The number of people working in health care — Minnesota's largest industry by worker head count — typically grows 2.7% between January and December.
But at the end of 2020, the state had 367,000 employees in its hospitals, nursing homes, doctor's offices and walk-in clinics, a decline of 10,000 since the start of the year, state employment data released Thursday show.
The same pattern held at the national level. The 19.9 million Americans working in health care and social-assistance jobs in December represented a decline of about 780,000 since January, the first such decline in federal labor data going back to 1990.
"It's a paradox in a way, because some areas had an intense uptick in demand, but anything that could be viewed as elective ... dropped in demand a lot. So it really shocked the system," said Anthony Schaffhauser, health care workforce development director at HealthForce Minnesota.
A toxic blend of factors
Gov. Tim Walz's March 19 order canceling nonemergency medical and dental procedures statewide, in order to preserve protective equipment and cut transmission rates, was followed by dramatic and immediate workforce cuts in health care, the data show.
At the low point, in April, health care providers in the state had shed about 30,000 jobs — nearly 8% of the 377,000-person workforce that existed three months earlier, with the steepest declines in dental offices and physician practices.

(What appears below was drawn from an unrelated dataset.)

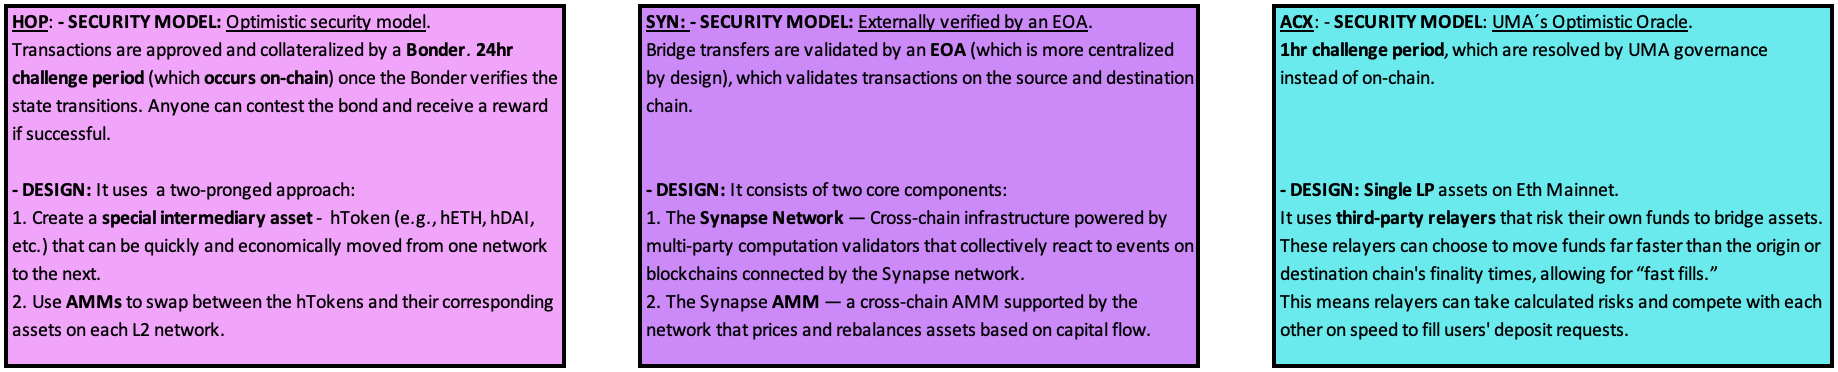 Brief description of the security model and design of Hop, Synapse and Across

After layoffs subsided in early summer, renewed hiring cut the year's net loss to 10,000 jobs.
Financial problems at hospitals and medical clinics that led to job cuts were compounded because many people intentionally avoided care, even in emergencies, and others had their options limited when layoffs ended their health insurance.
But not all the job losses in health care were prompted by employers' dwindling finances. Researchers said it appears, anecdotally so far, that grueling working conditions during the pandemic prompted changes like retirements.